The result is that the utility begrudgingly complies with the regulatory mandate, and meets their energy savings targets, without really going above and beyond to aggressively pursue the performance incentive, never getting close to hitting the incentive cap, and complaining constantly, while trying to get out of the obligation in future years.

WWDD: What Would Decoupling Do?

With revenue decoupling in place, the utility would no longer have to worry about the lost revenues part of this equation, and would be motivated to invest in DSM measures that are at least cost effective enough to earn the entire approved performance incentive, without spending more than their approved DSM budget.  They wouldn’t have an incentive to be any more cost effective than that because the DSM program costs are recovered directly from ratepayers, and the performance incentive is capped.  Nevertheless, with revenue decoupling in place, if Xcel proved willing and able to earn the entire performance incentive, then we’d expect the overall cost effectiveness of the DSM program to improve relative to years past.

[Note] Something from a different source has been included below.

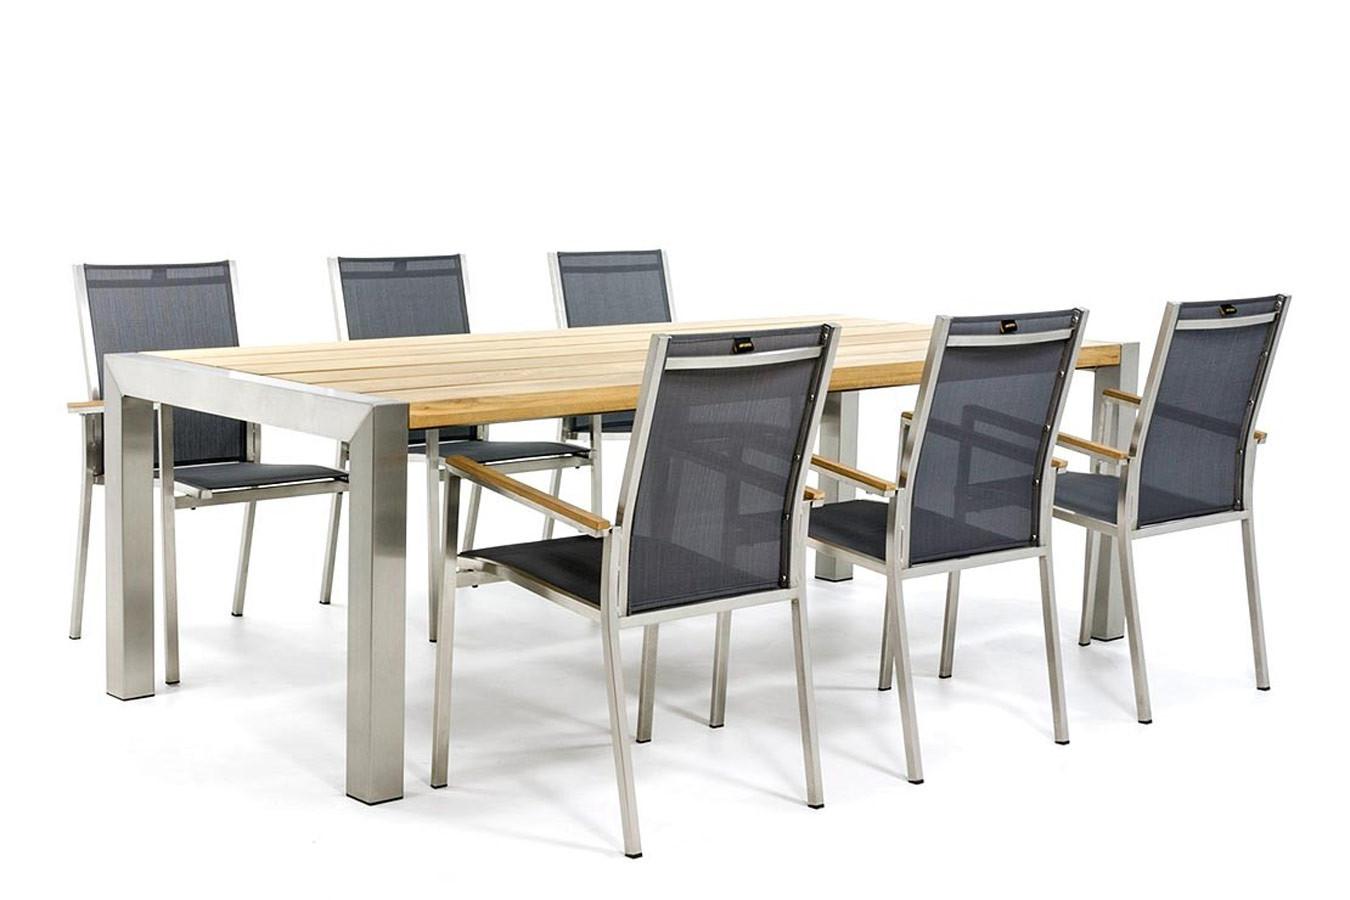 Gartentisch aus Edelstahl mit Tischplatte aus Teak und Stühlen aus Edelstahl

But as we already mentioned, there’s another issue discouraging the utility from earning the entire performance incentive and surpassing their mandated minimum DSM targets.  If Xcel expects to be subject to a DSM requirement each year into future, then it may be worthwhile for them to avoid cannibalizing future cost-effective DSM opportunities by taking advantage of them in the current year, since that would make future regulatory compliance more challenging.

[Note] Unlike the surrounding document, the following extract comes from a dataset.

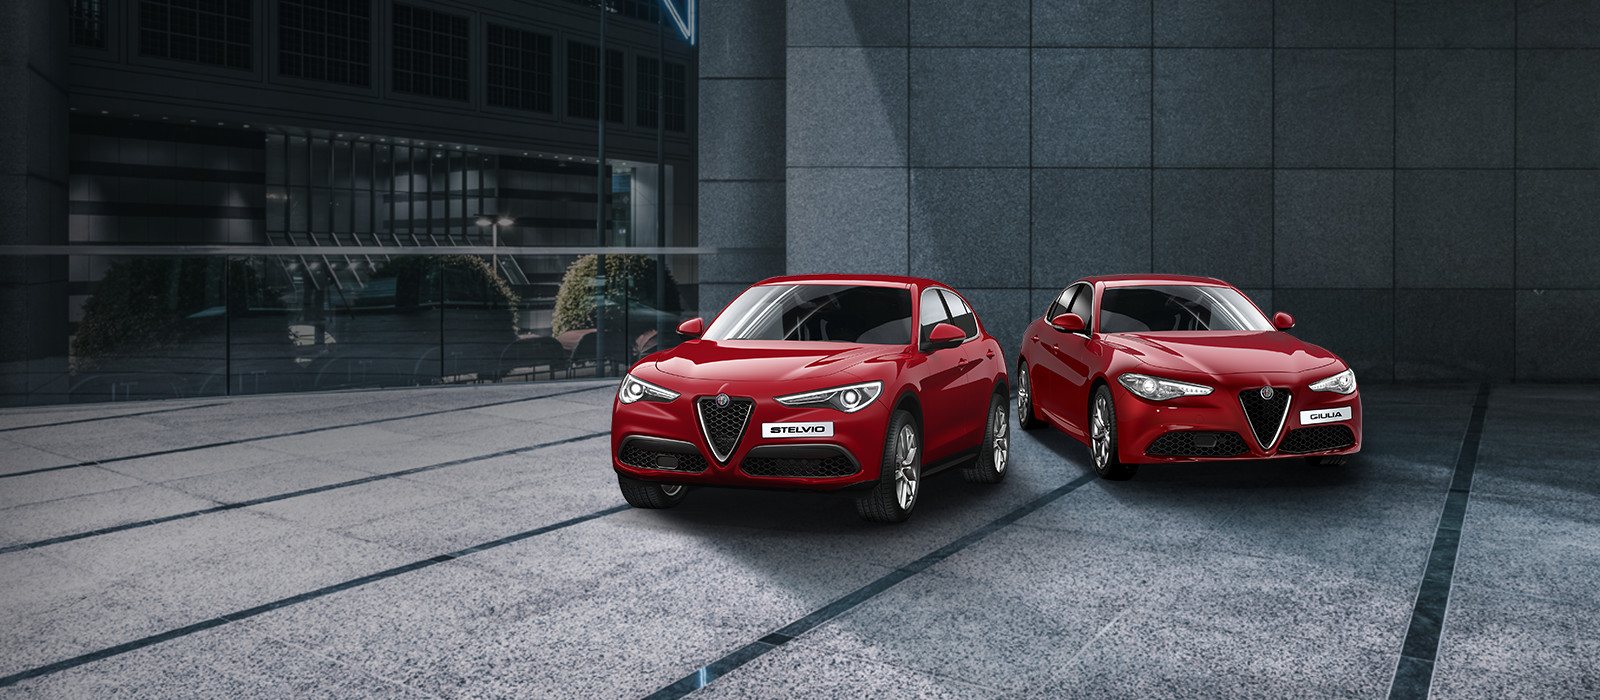 Atrakcyjny leasing samochodowy w ALFA ROMEO 6

This situation is similar to the one faced by Colorado utilities complying with the state’s renewable energy standard (RES — sometimes called a renewable portfolio standard or RPS in other states).  In the case of the RES, utilities are allowed to “bank” renewable power generated in excess of low, early requirements, and count them against later, higher requirements.  If the commission were to adopt the proposed revenue decoupling mechanism in the hopes that the utility would invest in achieving energy and capacity savings above and beyond the required minimum, then it would probably be a good idea to explore a similar “banking” mechanism for DSM compliance.

(Alternatively, the incentive could be structured such that marginal additional energy savings beyond the target in the current years are enough more valuable than savings counting toward base compliance in a future year that the utility is willing to save the energy now, even if it does make compliance more challenging later.)

Encouraging Cost Effective DSM First

In order for the utility to preferentially pursue the most cost-effective DSM opportunities, then in addition to revenue decoupling and allowing the utility to bank their DSM achievements against future regulatory requirements, we need to ensure that their performance incentive scales with the level of savings they achieve.  This could be done by removing the cap on the performance incentive they are allowed to earn in any given year. Then they’d have an incentive to maximize the accrued net economic benefits, a fraction of which they are entitled to retain, while limiting spending to the approved DSM budget.  In effect, removing the cap on the performance incentive and approving a fixed DSM budget would tell the utility: “Buy as much energy and capacity savings as you possibly can within this budget.  The more savings you can find, the more money you get to keep.”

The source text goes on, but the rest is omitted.